It wasn’t bad on its own at all. A consumable, it let the person using it pray to set a single target on their mind on fire. After usage, the wheel was destroyed. The fire scaled with the user’s Spellpower, so it could be used as a damaging tool across the entire planet.
Truthfully, John would have liked to keep it. Alas, it was the item they needed to activate the hardmode for the final boss. A quick backtrack later, they stood above the platform the Herald Veneer had been on. All John had to do there was place the wheel down. It activated a runic circle carved into the surface of the pedestal. With that done, they went to the inner keep.
“This is just how videogames are,” John explained.
“I did not find that part too odd,” Romulus responded. “One does not get water from a well without walking to it. I reckon it’s your modern sensibility of pipes and cables bringing everything into your home that makes this unusual.”
John… could not disagree with that one.
“Ah… guests…” the voice of the next boss distracted them, “…here to end me…? I deserve it, no doubt…” A sudden shift took his words from apathetic to angry. “I deserve respect! Where are my servants?! AT LEAST THAT DUMB HERALD OF MINE POWERED THE CIRCLE! Not that he… needed to… it only makes this next part so much harder for both of us…”

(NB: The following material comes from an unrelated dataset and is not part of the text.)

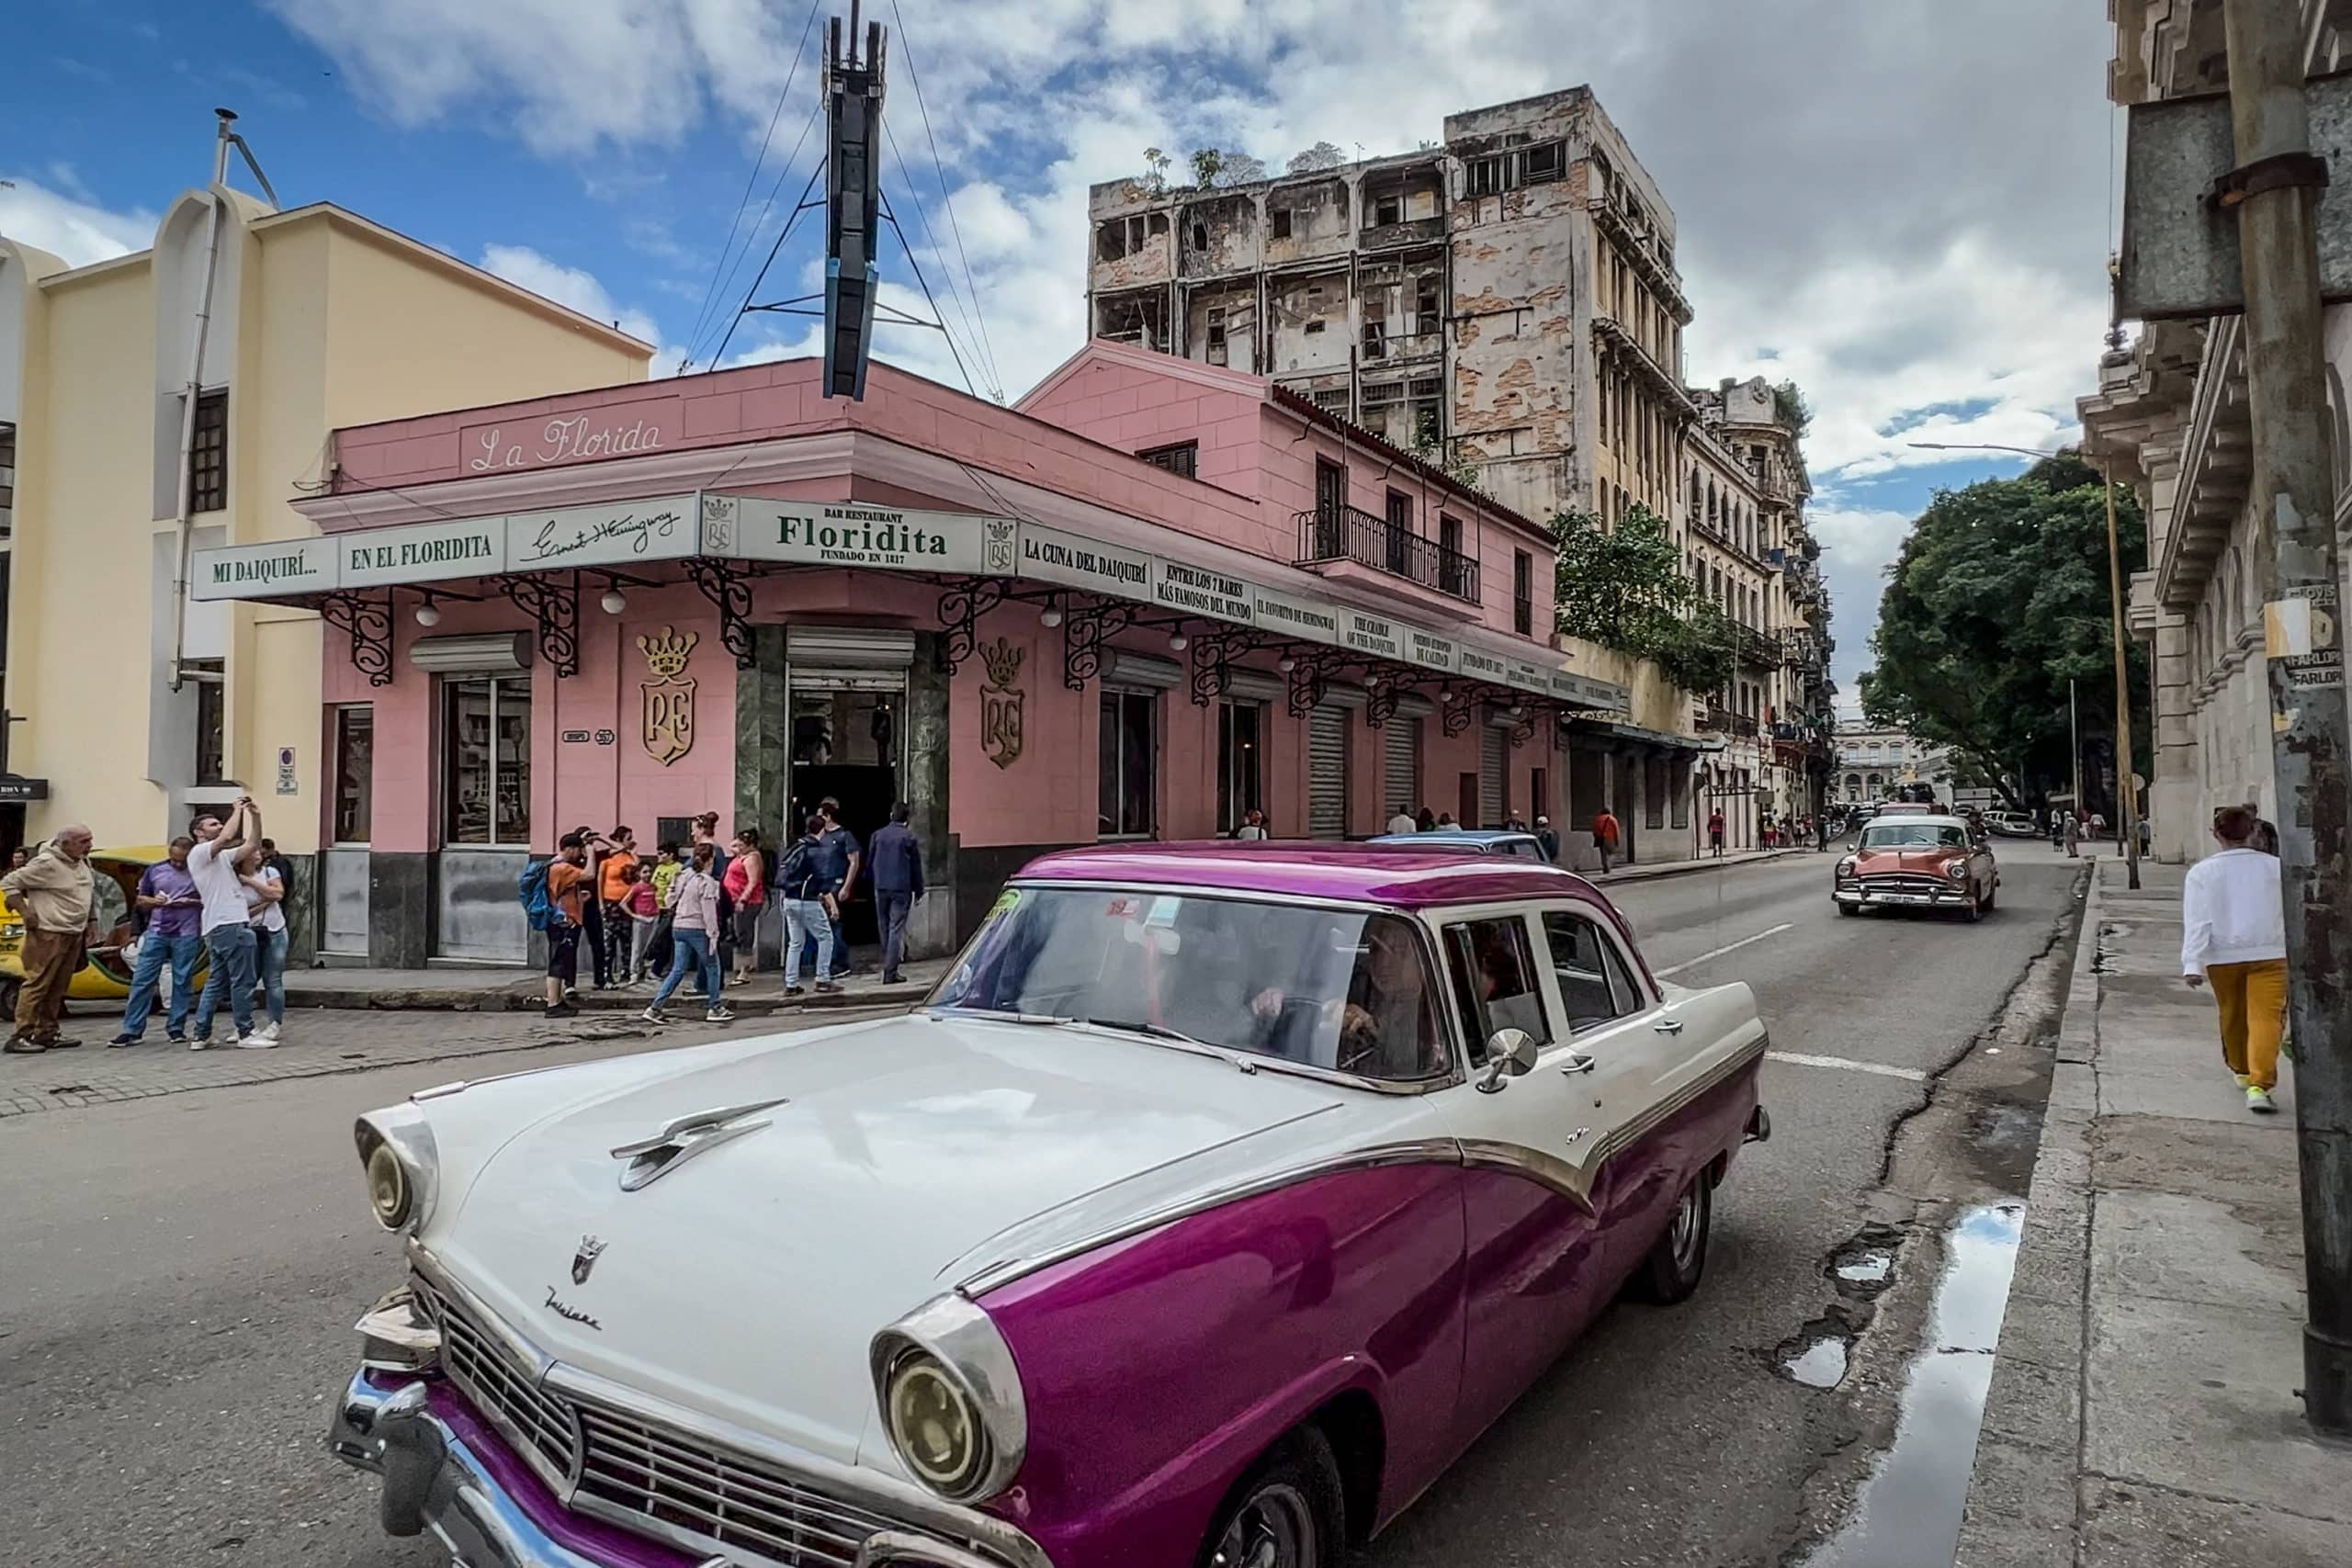 “La Floridita”, el famoso bar cubano que cumple 100 años y es la casa del Daiquirí

The boss came into view. Seated on the throne was a singular skeleton. It looked almost simplistic. Red robes, trimmed with gold, and a crown of the same design covered him. It all looked very Catholic and did not surpass cardinal garments in their splendour. The skeleton itself was that of a human. The only oddity about it was the charred black of the arms. The Curse Fire that had befallen all the undead in the city had run its course within this one.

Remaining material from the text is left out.